Exercise: Look below for the line that contains "Baby boys weight and height size chart", then copy it and each following line exactly, through and including the line that contains "An assortment of".

Given entries:
* * * *
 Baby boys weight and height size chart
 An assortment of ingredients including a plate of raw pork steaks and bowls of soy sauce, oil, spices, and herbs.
* * * *
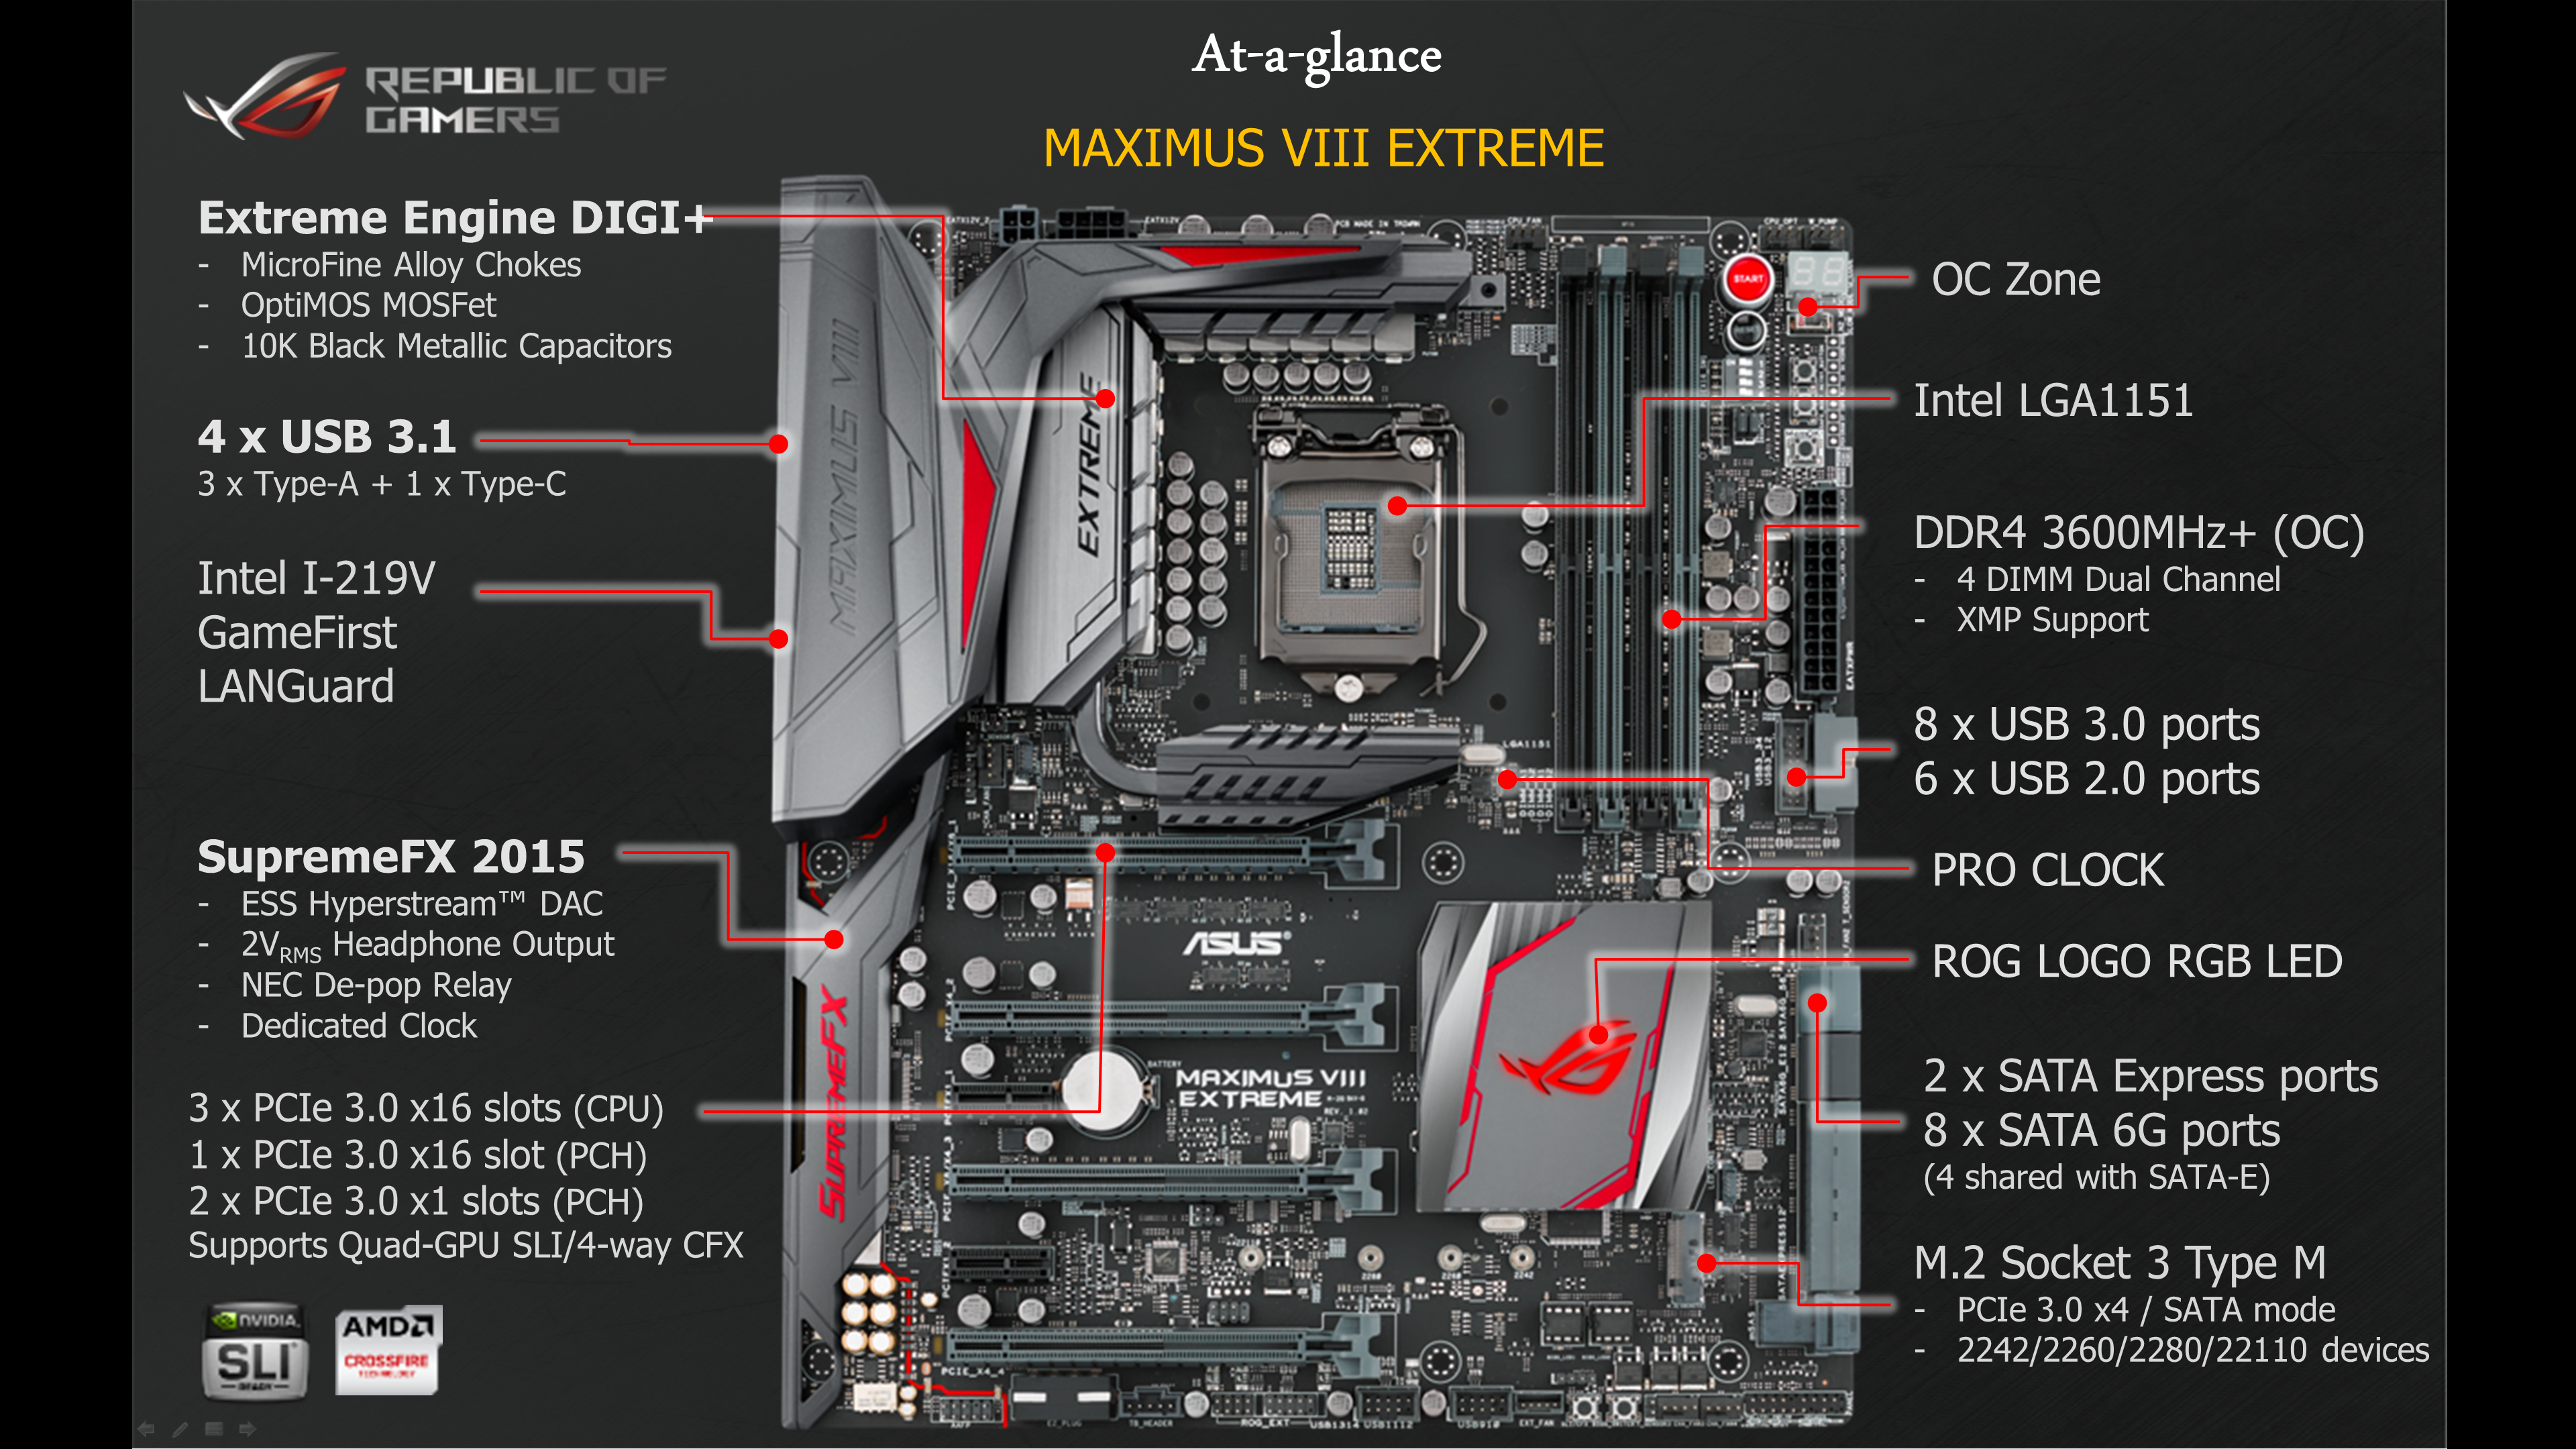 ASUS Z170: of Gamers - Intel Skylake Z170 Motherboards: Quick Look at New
* * * *
Written reply:
 Baby boys weight and height size chart
 An assortment of ingredients including a plate of raw pork steaks and bowls of soy sauce, oil, spices, and herbs.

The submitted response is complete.